Кардинал Барберини, племянник папы, пришёл в такое восхищение, что прислал английской королеве в подарок картины древних и современных итальянских мастеров: «работы Альбани, Корреджо, Веронезе, Стеллы, Винчи, Андреа Сарто, Джулио Романо». Хотя Генриетта Мария была разочарована и удивлена тем, что среди них не было ни одного произведения на религиозную тему.

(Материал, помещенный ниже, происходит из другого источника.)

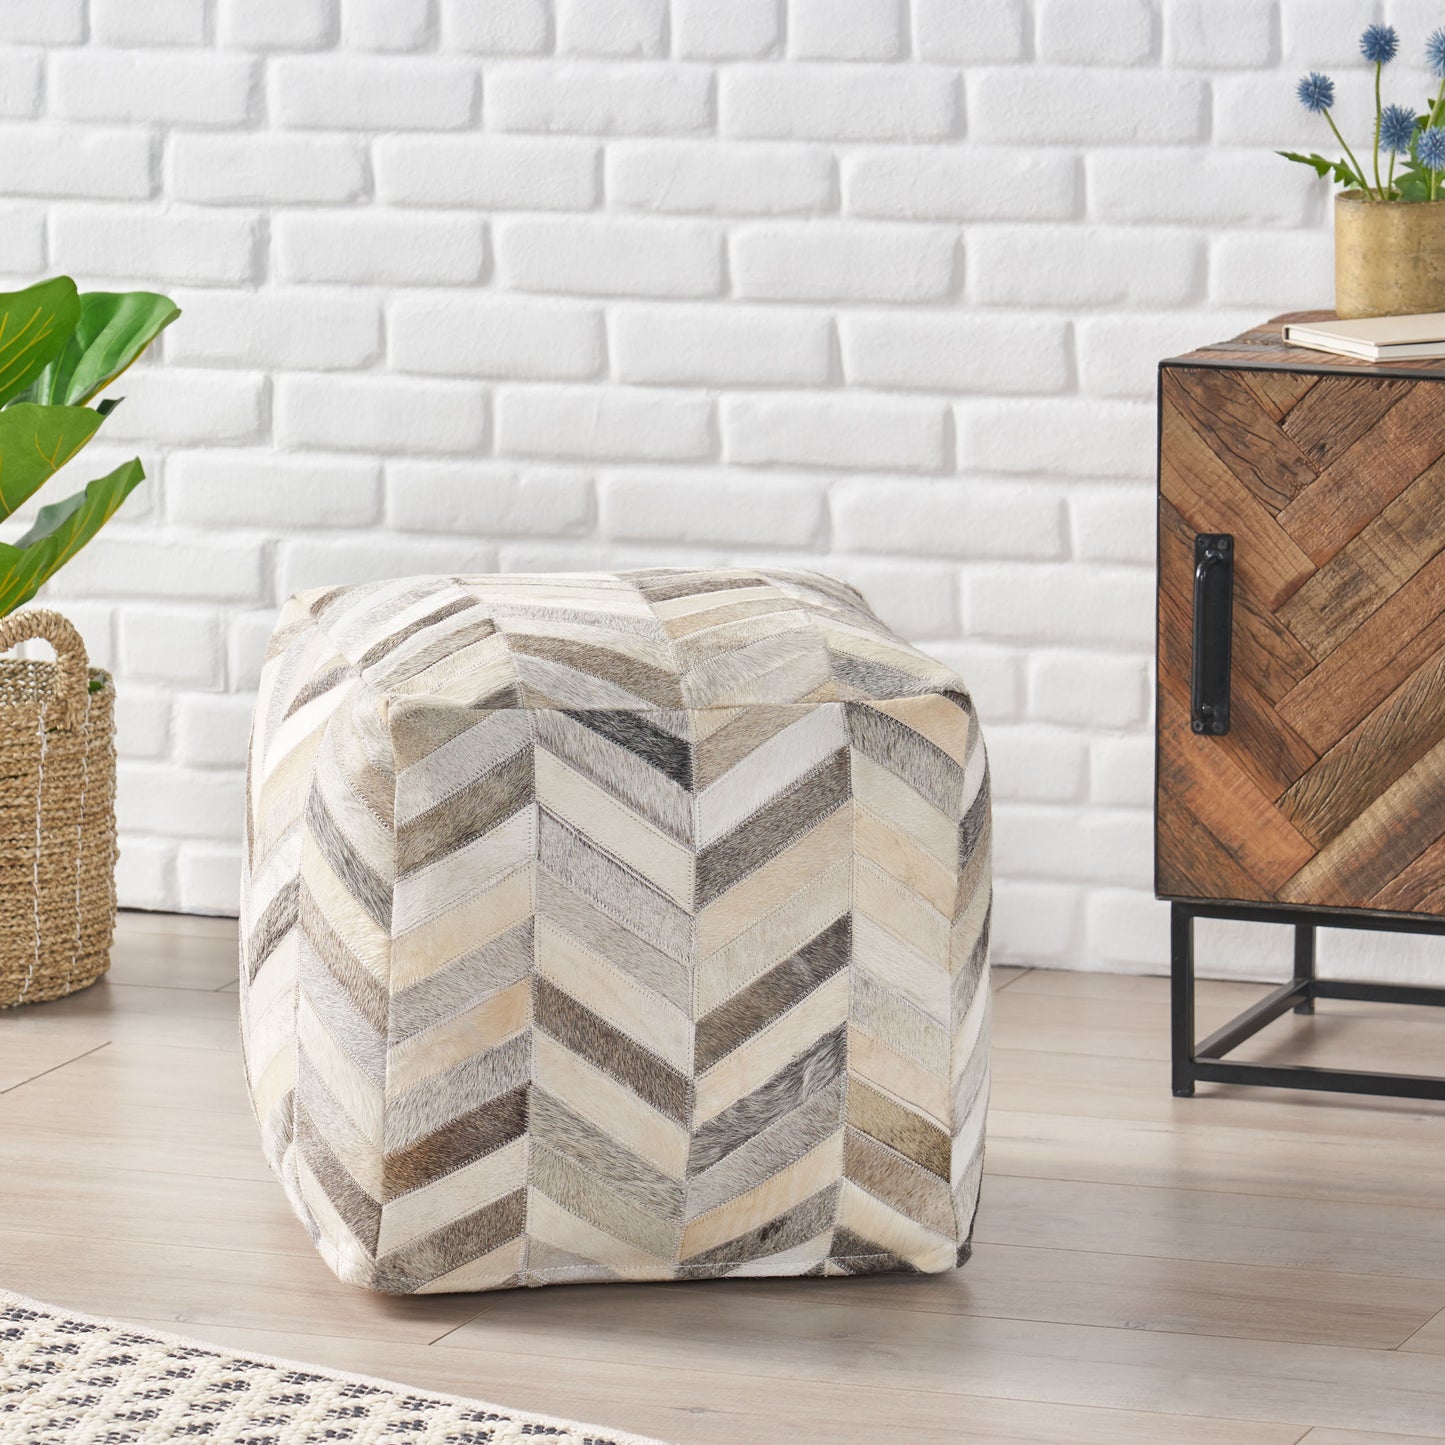 Weikel Handcrafted Boho Cowhide Pouf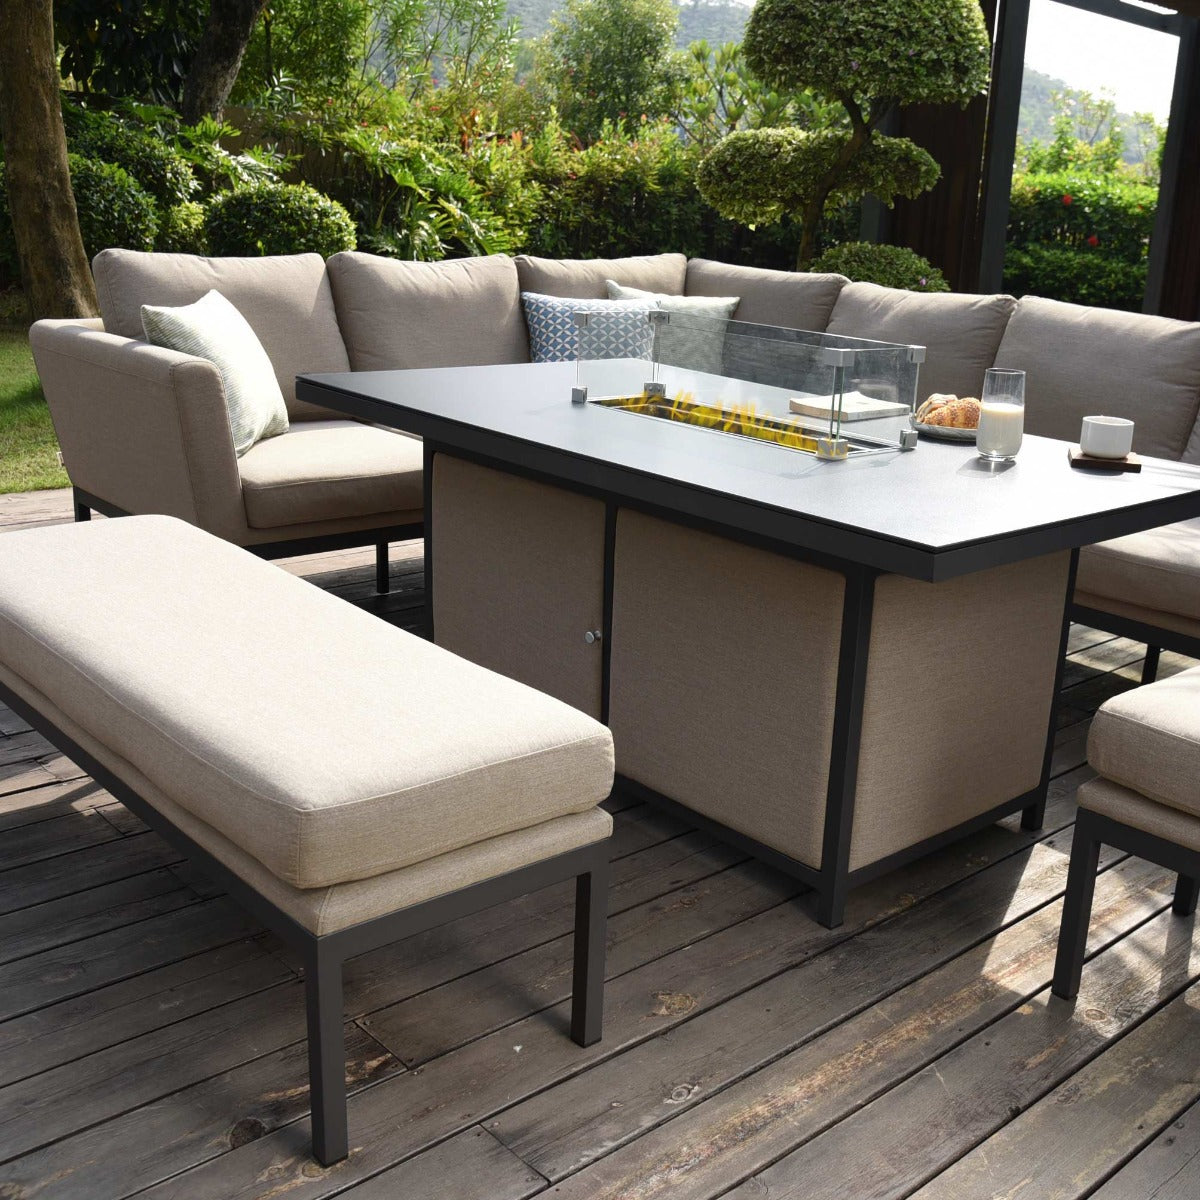 Maze - Outdoor Fabric Pulse Rectangular Corner Dining Set with Fire Pit Table - Taupe

В свой черёд, первый нунций, пожилой шотландец Джордж Конн, каноник церкви Святого Иоанна Латеранского, с удивлением сообщал в Рим, что Генриетта Мария, которая «одиннадцать лет была женой и уже шесть раз была матерью», пришла к нему на исповедь, чтобы покаяться в каких-то пустяковых грехах. Его слова подтверждал духовник королевы отец Роберт Филипп.

– Он был уверен, что её никогда не беспокоили плотские желания, - пишет в своей книге Карола Оман. – Её религиозная вера была столь же безмятежной.

Конн догадался подарить изображение святой Екатерины королеве, «которая отдала приказ прикрепить картину к занавескам её кровати». Однако нунций напрасно пытался приобщить к католической вере её дете й. Генриетта Мария под его влиянием было пригласила принца Уэльского на мессу, но потом по просьбе своего мужа отказалась от этой затеи. В свой черёд, принцесса Мэри была рада получить в подарок чётки, но доставала их из кармана только тогда, когда была убеждена, что никто из протестантов её не видит. В свой черёд, Карл I сначала отказался от карточной игры в апартаментах нунция, но вдруг узнал, что там расплачиваются старинными медалями, распятиями и футлярами для реликвий.

– Если Ваше Величество что-либо выиграет, то может подарить это Мэри, - с улыбкой сказала Генриетта Мария, указав на их старшую дочь.

– Нет, нет, я отдам свой выиграш Джорджу, - Карл, в свой черёд, указал на Конна, - а он подарит мне всё остальное.

Отчаявшись, Конн решил обратить всё своё внимание на королеву. В его присутствии та заложила первый камень новой часовни «Рай славы» в Датском доме на площадке для игры в мяч. Кроме того, нунций побуждал её к непрестанным усилиям по улучшению участи английских католиков. Однако его настойчивость в строгом соблюдении ею постов вызвала гнев врача королевы. С другой стороны, действия Конна не нравились архиепископу Кентерберийскому, который убеждал Карла I применить жестокие законы против католиков. Но мольбы Генриетты Марии оказались эффективнее и королевские прокламации были составлены в самых мягких выражениях.